- Exercise brief -
The stretch wanted below opens at the line containing "portada mafia iii" and closes at the line containing "un week-end d'hiver". Please return it exactly, with no other lines.
***
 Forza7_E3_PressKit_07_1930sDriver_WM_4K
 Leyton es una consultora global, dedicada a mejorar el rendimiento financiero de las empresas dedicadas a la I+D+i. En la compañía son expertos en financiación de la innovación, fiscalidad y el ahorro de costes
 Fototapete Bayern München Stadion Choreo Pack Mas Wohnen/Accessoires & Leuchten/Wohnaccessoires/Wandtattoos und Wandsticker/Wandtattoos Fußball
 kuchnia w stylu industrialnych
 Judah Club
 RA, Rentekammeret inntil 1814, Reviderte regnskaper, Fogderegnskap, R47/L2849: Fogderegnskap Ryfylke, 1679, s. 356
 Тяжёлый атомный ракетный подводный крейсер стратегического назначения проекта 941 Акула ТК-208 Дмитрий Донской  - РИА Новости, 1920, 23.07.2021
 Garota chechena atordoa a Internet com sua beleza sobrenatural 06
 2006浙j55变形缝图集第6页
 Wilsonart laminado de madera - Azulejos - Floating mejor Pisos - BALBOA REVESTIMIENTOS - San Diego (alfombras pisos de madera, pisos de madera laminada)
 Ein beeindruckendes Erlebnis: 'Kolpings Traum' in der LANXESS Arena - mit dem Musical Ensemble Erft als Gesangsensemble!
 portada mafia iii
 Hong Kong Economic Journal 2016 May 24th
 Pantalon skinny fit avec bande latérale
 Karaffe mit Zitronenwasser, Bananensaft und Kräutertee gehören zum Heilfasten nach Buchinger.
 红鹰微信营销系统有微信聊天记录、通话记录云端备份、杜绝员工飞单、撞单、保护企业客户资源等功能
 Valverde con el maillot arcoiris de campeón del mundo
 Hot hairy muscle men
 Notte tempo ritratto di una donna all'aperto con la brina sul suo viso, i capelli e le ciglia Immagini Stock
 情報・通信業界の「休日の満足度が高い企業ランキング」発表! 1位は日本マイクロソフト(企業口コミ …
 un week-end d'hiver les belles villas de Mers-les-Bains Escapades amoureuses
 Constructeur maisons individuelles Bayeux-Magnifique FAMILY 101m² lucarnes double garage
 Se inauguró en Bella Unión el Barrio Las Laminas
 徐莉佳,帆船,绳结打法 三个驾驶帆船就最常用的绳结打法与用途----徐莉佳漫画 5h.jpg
***
- Answer to this exercise -
 portada mafia iii
 Hong Kong Economic Journal 2016 May 24th
 Pantalon skinny fit avec bande latérale
 Karaffe mit Zitronenwasser, Bananensaft und Kräutertee gehören zum Heilfasten nach Buchinger.
 红鹰微信营销系统有微信聊天记录、通话记录云端备份、杜绝员工飞单、撞单、保护企业客户资源等功能
 Valverde con el maillot arcoiris de campeón del mundo
 Hot hairy muscle men
 Notte tempo ritratto di una donna all'aperto con la brina sul suo viso, i capelli e le ciglia Immagini Stock
 情報・通信業界の「休日の満足度が高い企業ランキング」発表! 1位は日本マイクロソフト(企業口コミ …
 un week-end d'hiver les belles villas de Mers-les-Bains Escapades amoureuses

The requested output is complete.